While ExpressVPN is my favorite, all of the VPNs above have great Linux apps. Proton VPN has top-tier security features and its free plan comes with unlimited data, and Private Internet Access is an excellent torrenting VPN. CyberGhost VPN is cheap and good for streaming, and IPVanish lets you connect as many devices as you want.
Which Linux VPNs have a GUI?
My top 3 VPNs, ExpressVPN, Proton VPN, and Private Internet Access, all have well-designed graphical user interfaces (GUI). This makes them especially accessible to Linux users who are less comfortable with text-based interfaces, like a command line interface (CLI), and want something more straightforward to use.
Is there a free VPN on Linux?
Yes, there are, though I generally caution against using free VPNs for Linux — and all operating systems. This is because free VPN services often have weak security, restrictive bandwidth and data usage limits, limit you to a small number of server locations, and lack streaming and torrenting support. Some unscrupulous free VPNs will even collect your personal information to sell to advertisers.

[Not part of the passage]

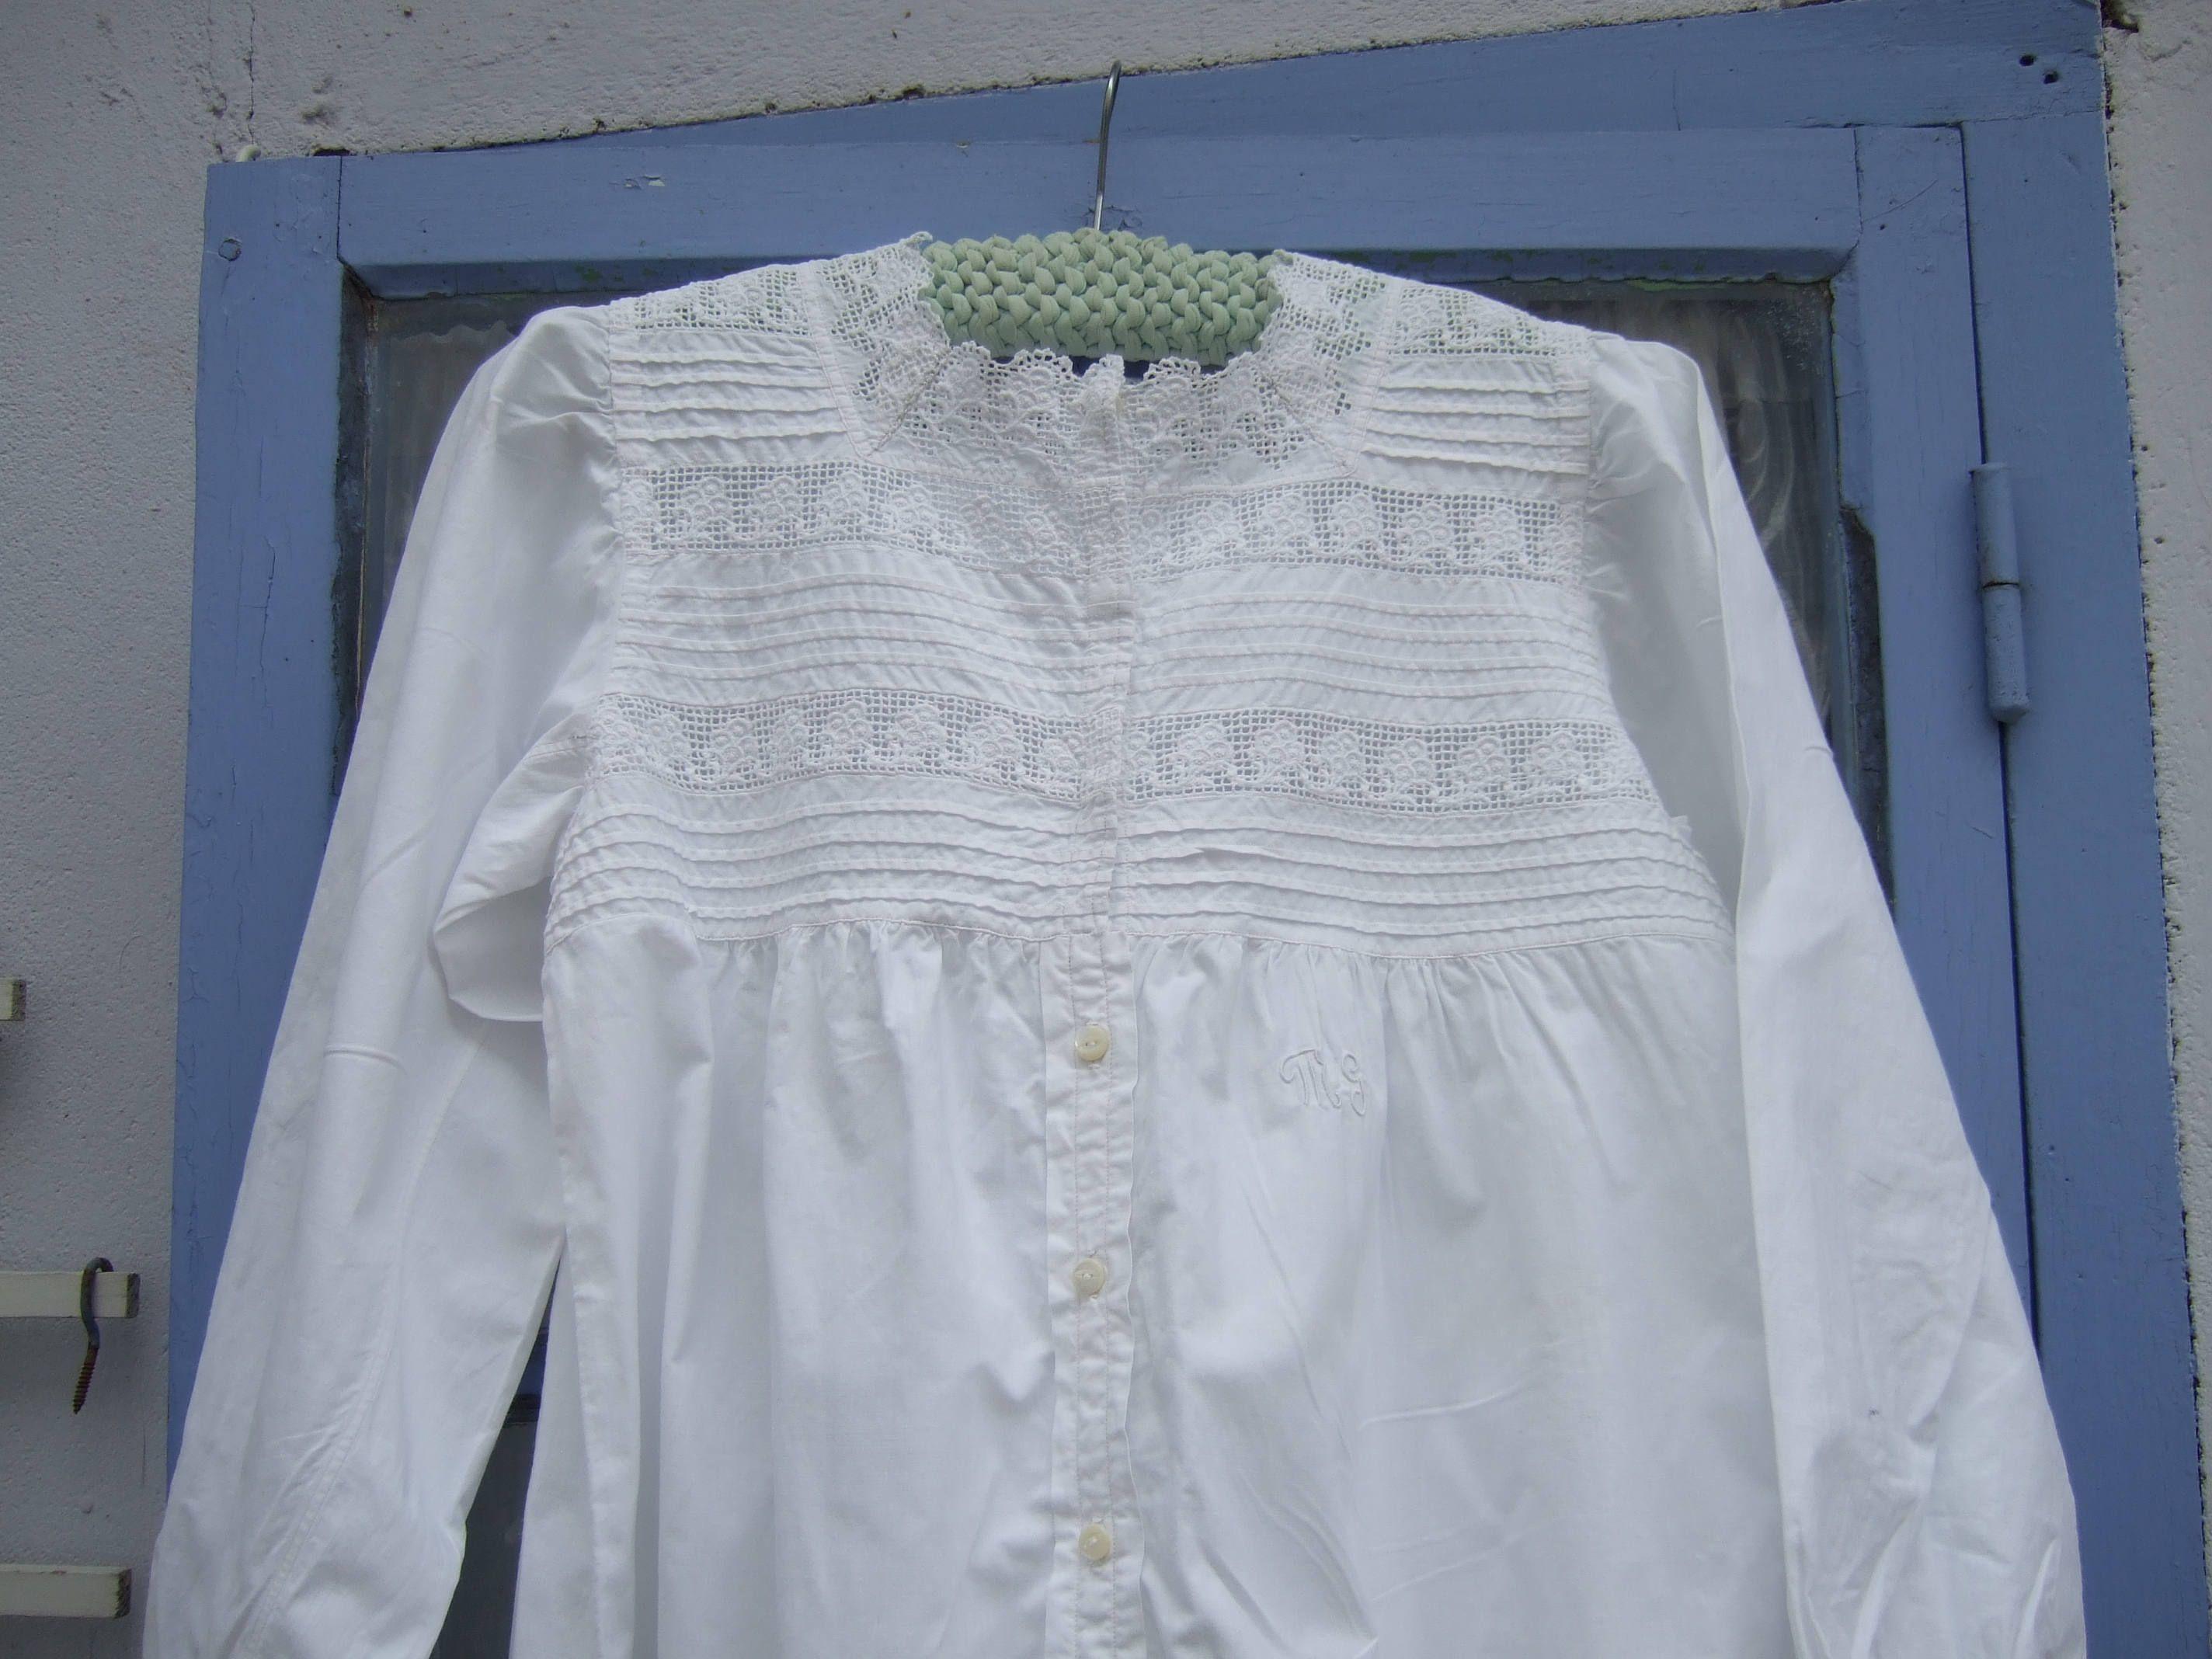 Antique French Fine Linen Nightdress. Handmade. Monogram MG. Young Ladies.night dress.

If you’re really tight on a budget, Proton VPN’s free plan is your best bet. It’s a trusted VPN service with a strict zero-logs policy, and it’s one of the only free VPNs that will put no limitations on your data usage.
Instead, I recommend getting an affordable paid VPN, which no doubt offers the best value for Linux users. ExpressVPN is my top recommendation thanks to its strong security features, incredibly fast speeds, and great support for streaming and torrenting. Plus, all of its plans are backed by a 30-day money-back guarantee.
Can Linux be hacked?
Yes, Linux devices can still be vulnerable to cyberattacks and malware. But several of the VPNs on my list, including ExpressVPN, Proton VPN, Private Internet Access, and CyberGhost VPN, come with built-in malware blocker that will prevent you from visiting malicious websites.